Even though it seems clear in hindsight that Colangelo was probably not the man behind the accounts, there was a great deal of sensitive information just floating around the internet as a result of their existence, which falls on him. That he was able to get another interview for a job of this stature is a testament to something — whether it's nepotism, a lack of creativity, or a favor for a powerful friend is up for someone else to determine.

One bit of Philadelphia-centric intrigue is Colangelo's ability to get consideration for this sort of job before former GM Sam Hinkie, who set Colangelo and Co. up with the assets (and franchise player) they have since lit on fire. Hinkie's aversion to playing the political side of the GM job, e.g. building relationships with agents, executives, and even media members, has been cited as one of the primary reasons (beyond the distaste for the drastic tanking) he won't be taken seriously as a lead exec candidate. But it's hard to square the "relationships" and trust critique mattering for him so much, and not for a guy who burned through any semblance of trust the public could have in him.

That aforementioned franchise player, Joel Embiid, has gone out of his way to fire strays at Colangelo since his departure, citing an improved relationship with GM Elton Brand as a feature of the new front office. 

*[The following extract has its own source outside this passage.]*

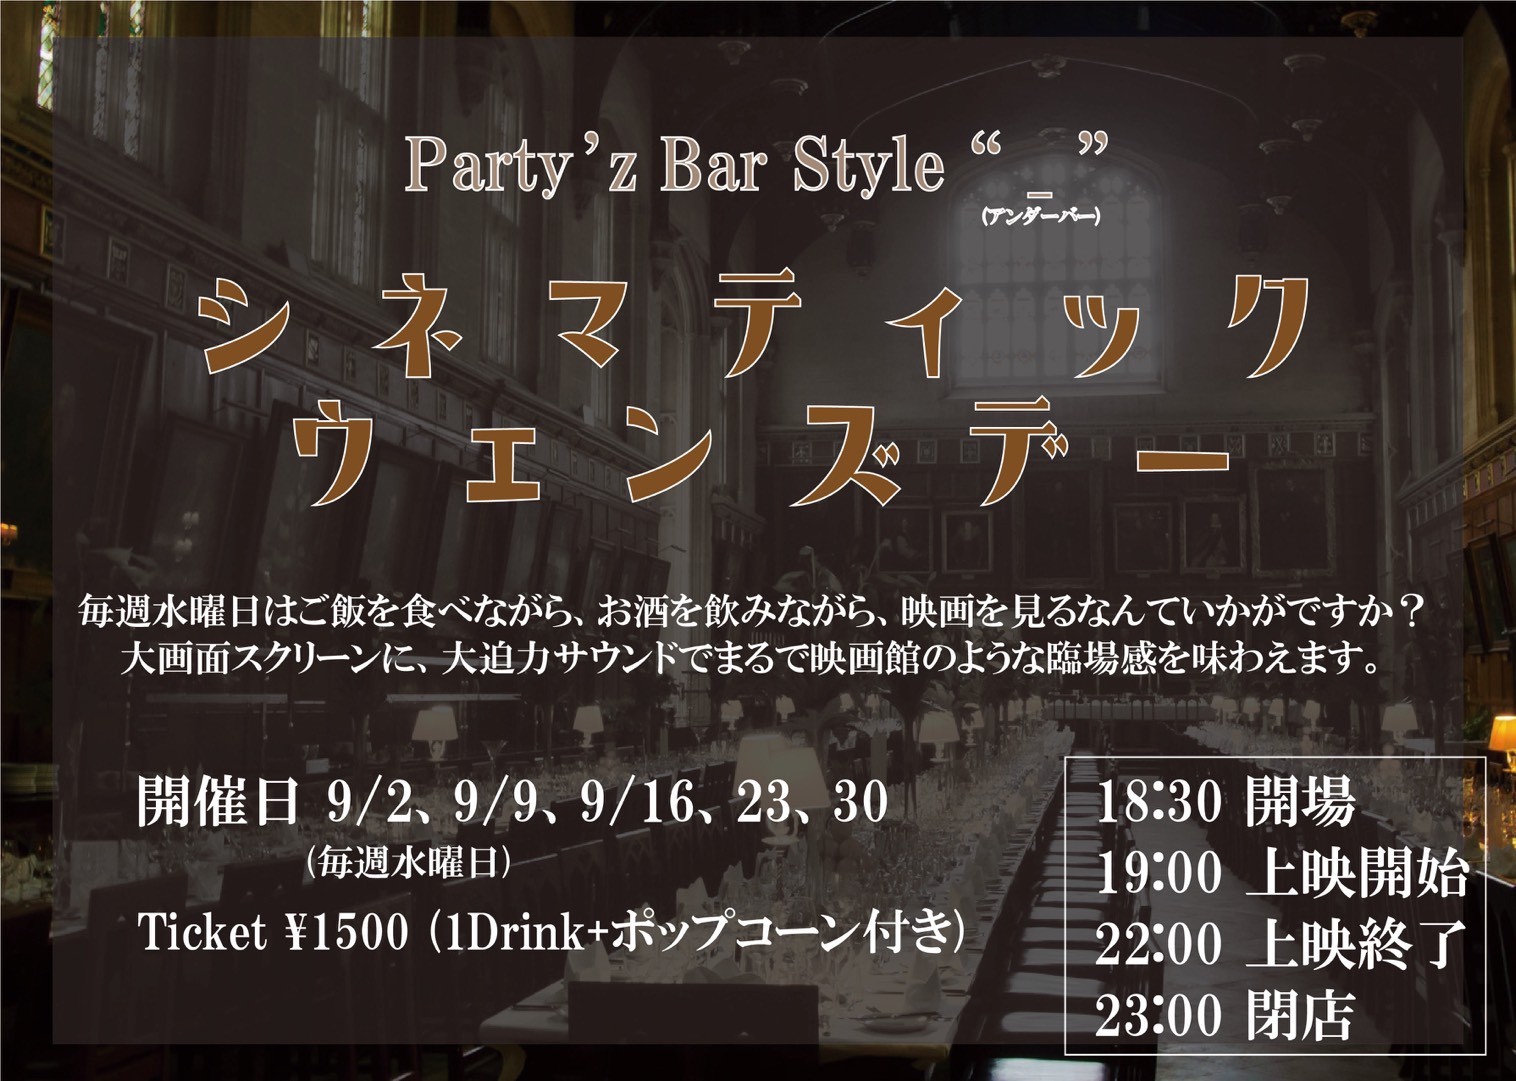 Party'z Bar Style "_" シネマティックウェンズデー

“One thing with that this year is I’ve always tried to make them understand me,” Embiid said on media day before the 2019-20 season began. “They do understand me, especially Elton, because they have created that relationship with me where we can trust each other. With the past GM, it wasn’t all that, but this summer, I try to make them understand that we have to stay consistent.”

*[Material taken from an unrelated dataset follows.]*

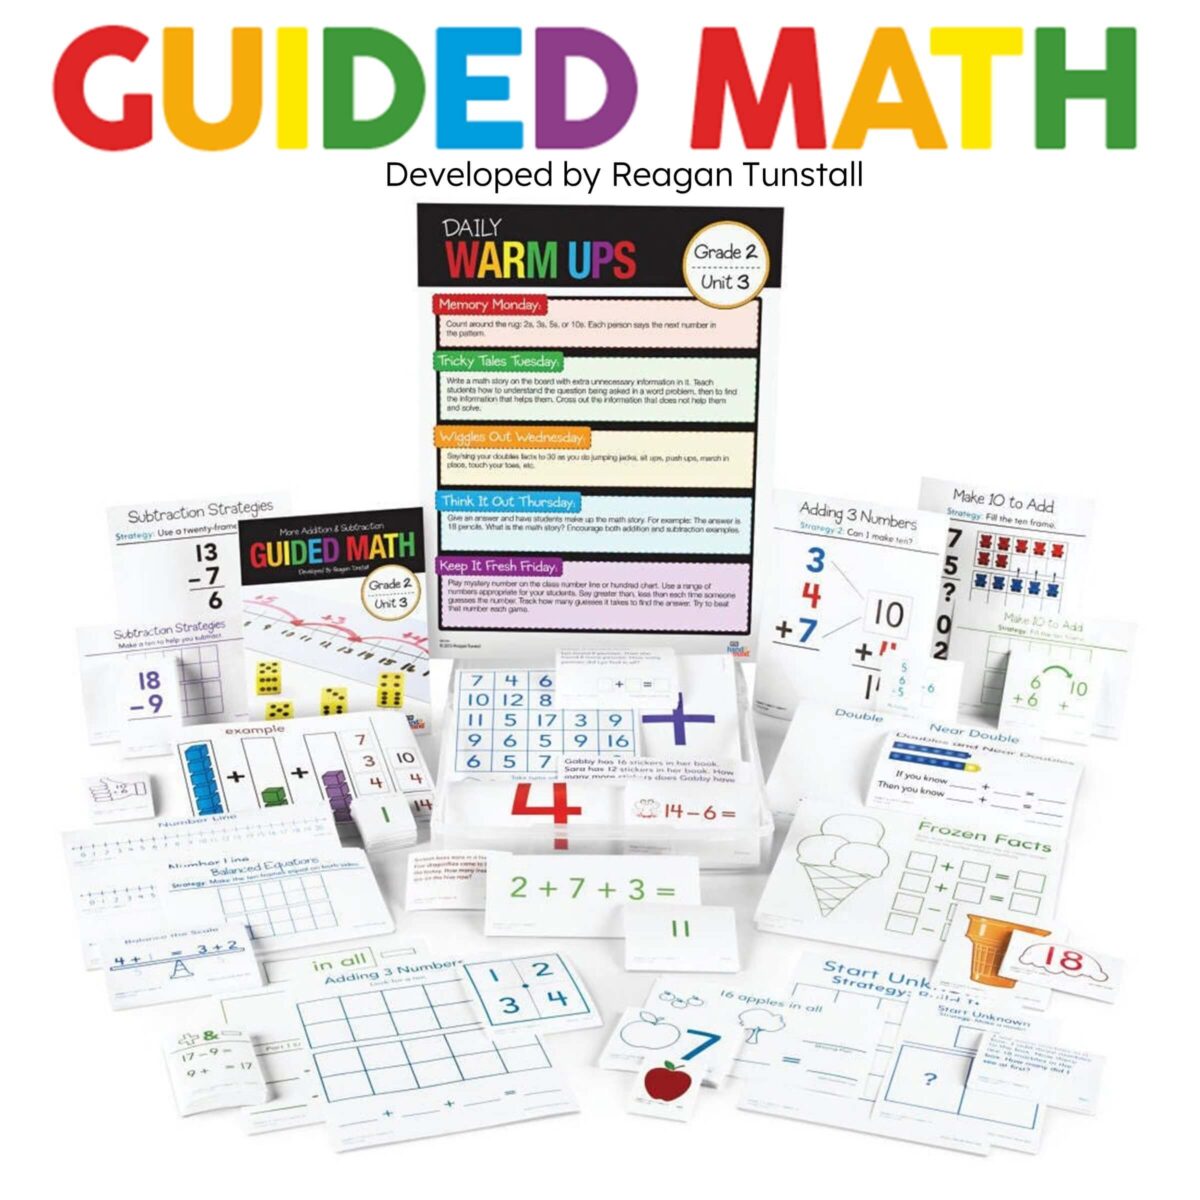 Guided Math hands-on math

And in discussing Markelle Fultz's struggles in the fall of 2018, Embiid said publicly that "previous management" did not do right by Philadelphia's young guard.

"It's a tough situation," Embiid said. "Last year I said that I felt like a lot of people didn't have his back, and that was with the previous management. But I feel like everyone has been trying to do their job helping, and I don't even know what's the problem."

So setting aside the mixed track record from a player personnel perspective, misreads in trades and free agency, and a burner account fiasco, you also have the franchise player of the last team you ran publicly disparaging you long after you've left town. 

There's a lot for the Bulls to consider.

A potential silver lining to all of this? If Colangelo somehow ends up being hired by the Bulls, the working relationship the Sixers will have with that front office should be pretty good. Perhaps we'll get to see what it would be like to have Colangelo and Brand on opposite sides of the negotiating table.